Tuesday, August 20, 2019

Review: The Spanish Civil War (Cambridge Essential Histories)

Image: Fascismo

The Spanish Civil War (Cambridge Essential Histories)
Stanley G. Payne
286 pages
Publisher: Cambridge University Press; 7/14/12 edition (August 13, 2012)
$27.99

This book is probably one of the best introductions to the Spanish Civil War (or, as the author says: revolutionary/counterrevolutionary struggle).

In short, the political left started the whole thing by excluding the right and instituting an all leftist government, even though half the population of Spain at the time was conservative. Add to this the left's hatred of all things traditional and religious and you have a recipe for disaster.

The left in Spain had a bad habit of calling anyone on the righteven right-of-center"fascists!" when in fact, as the author points out, this was not at all true.

The left also created a mythology that remains to this day: that their democratic government was unjustly attacked by "fascists!" when in fact their election rigging, exclusion of conservatives from government, murder of political opponents, church burnings, and murders of clergy eventually resulted in their humiliating defeat on the battlefield at the hands of righteously angered (and mostly religious) conservatives (they also got forty years of right-wing dictatorship).

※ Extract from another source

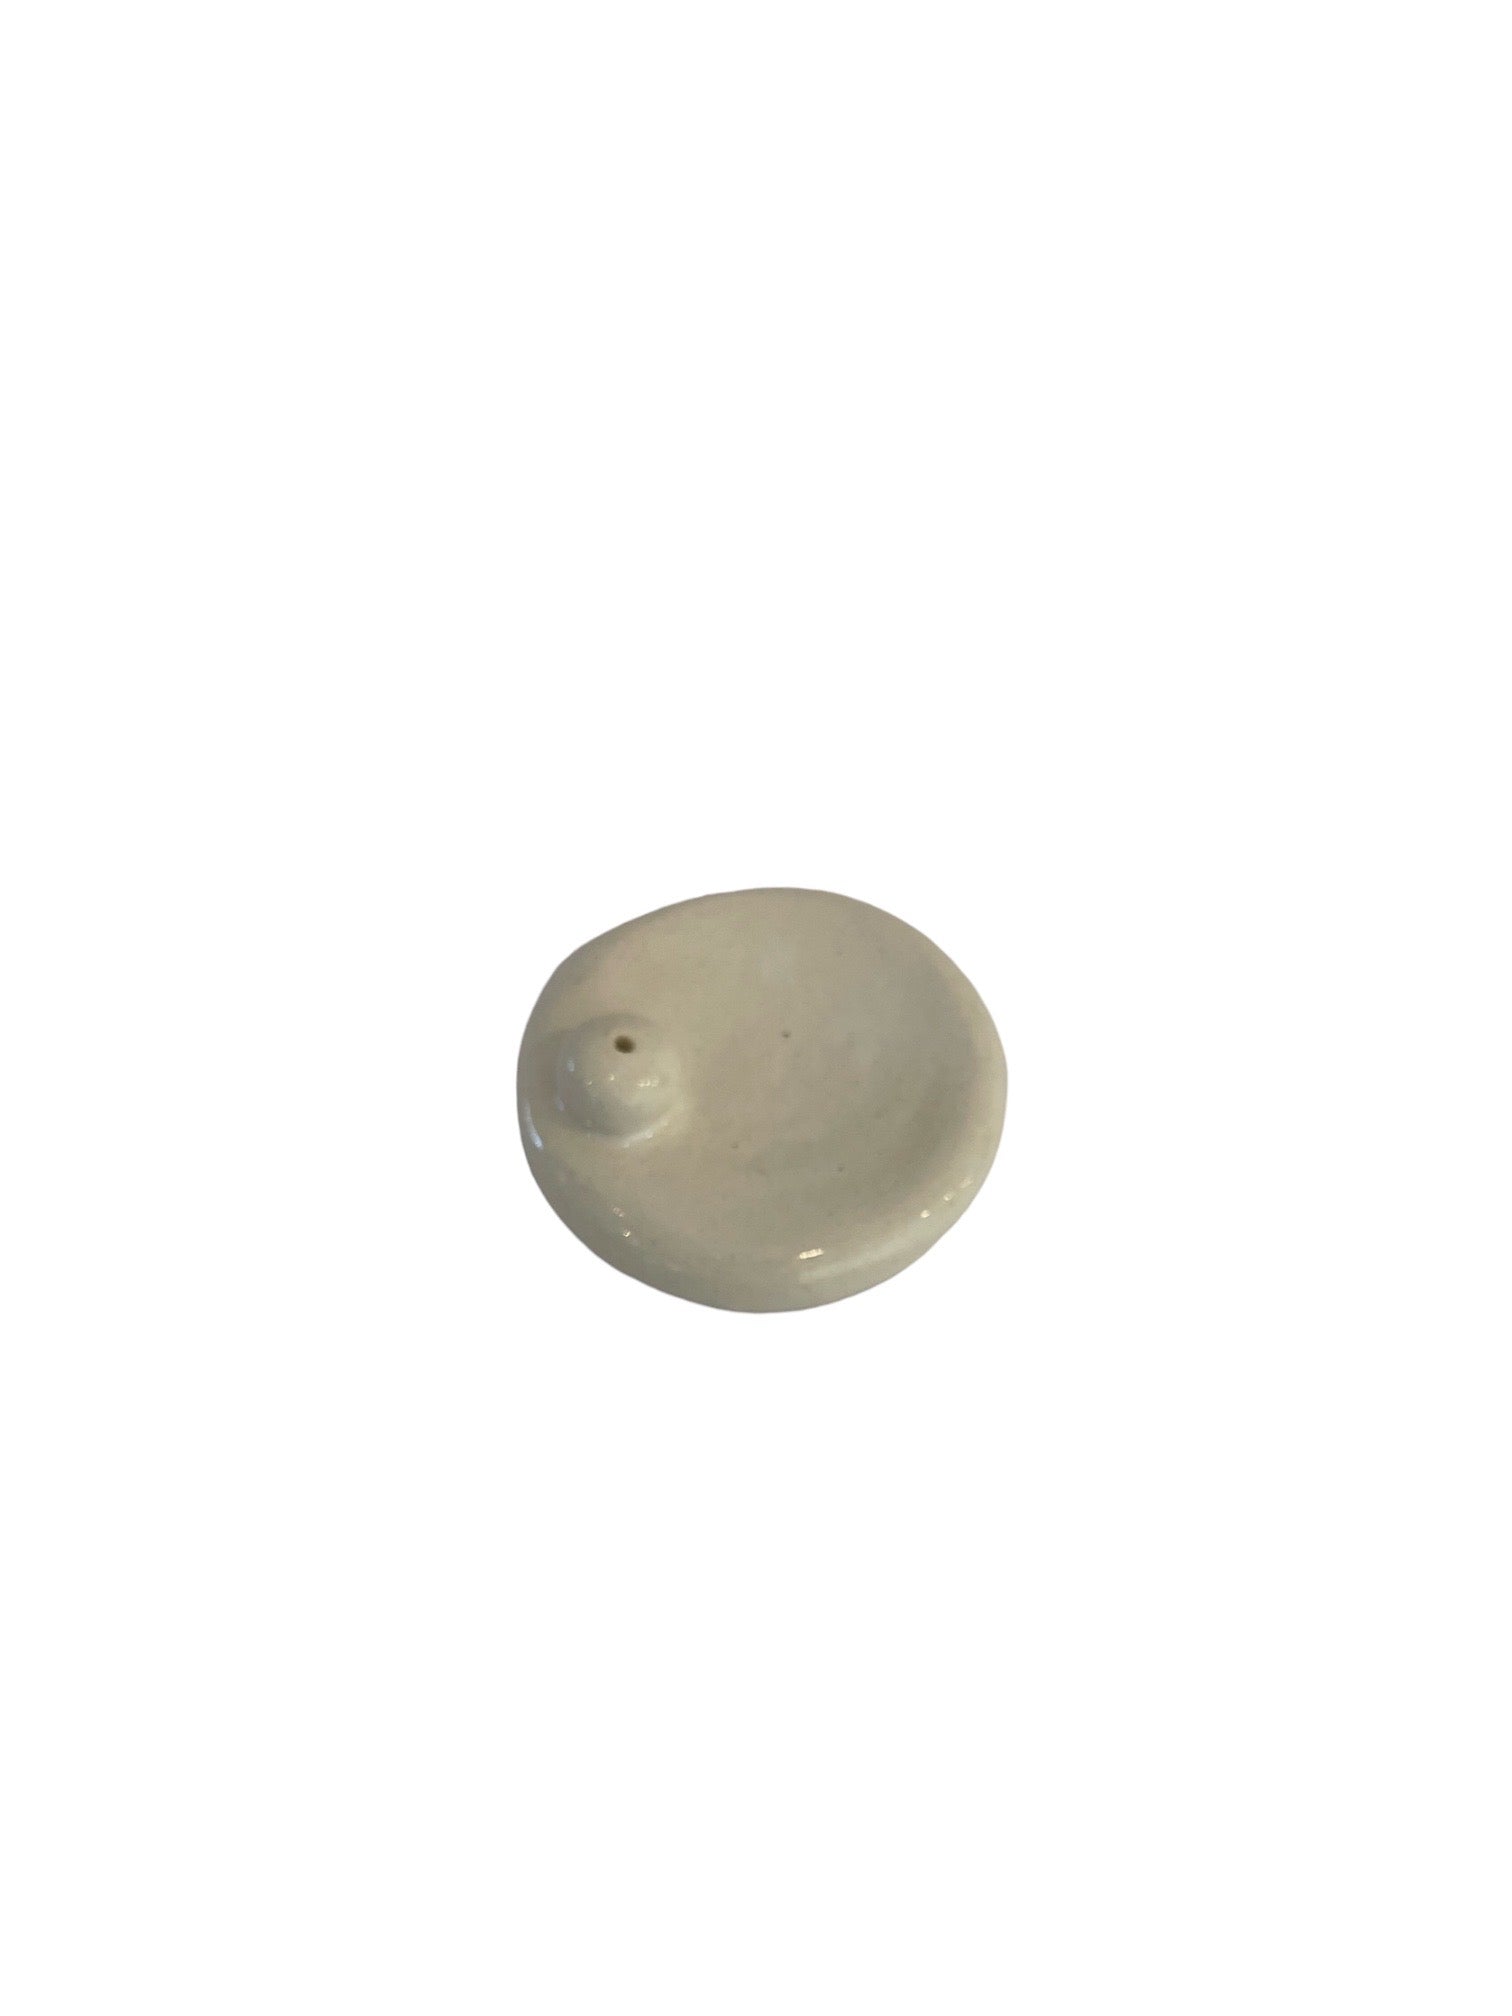 DOUBLE PEBBLE INCENSE HOLDER

It's no wonder the academy, media, and Hollywood ignores the Spanish Civil War. Their side lost. Badly.

If you want to know the truth about the Spanish Civil War read this book. I was hoping this book would be a good one, in that the truth would finally be told, and I was pleasantly surprised to find that it was. Kudos to the author and the publisher for telling the unpopular truth.

Everyone in the USA should read this book, because the left is using the same tricks now that they were using then. They want to silence all conservatives and have them removed from government, despite the fact that half the country is conservative and deserves a voice in government.

The USA now, resembling the Spain of 1936, has no place for center-moderate politics, compromise, or tolerance.

We live in a time where the other side is considered evil, and you don't compromise with or tolerate evil; you destroy it.

This is what happened in Spain, and also during the US Civil War. Two different civilizations competed for total political and cultural dominance. There was no room for compromise. Total victory was all that could be imagined.

God help us if we don't change our ways.

This book has a happy ending: the center-moderates eventually formed a democratic government wherein everyone had a say and all peoples were enabled to compromise and tolerate one another. 

It's a shame they couldn't have done that sooner, and avoided the war.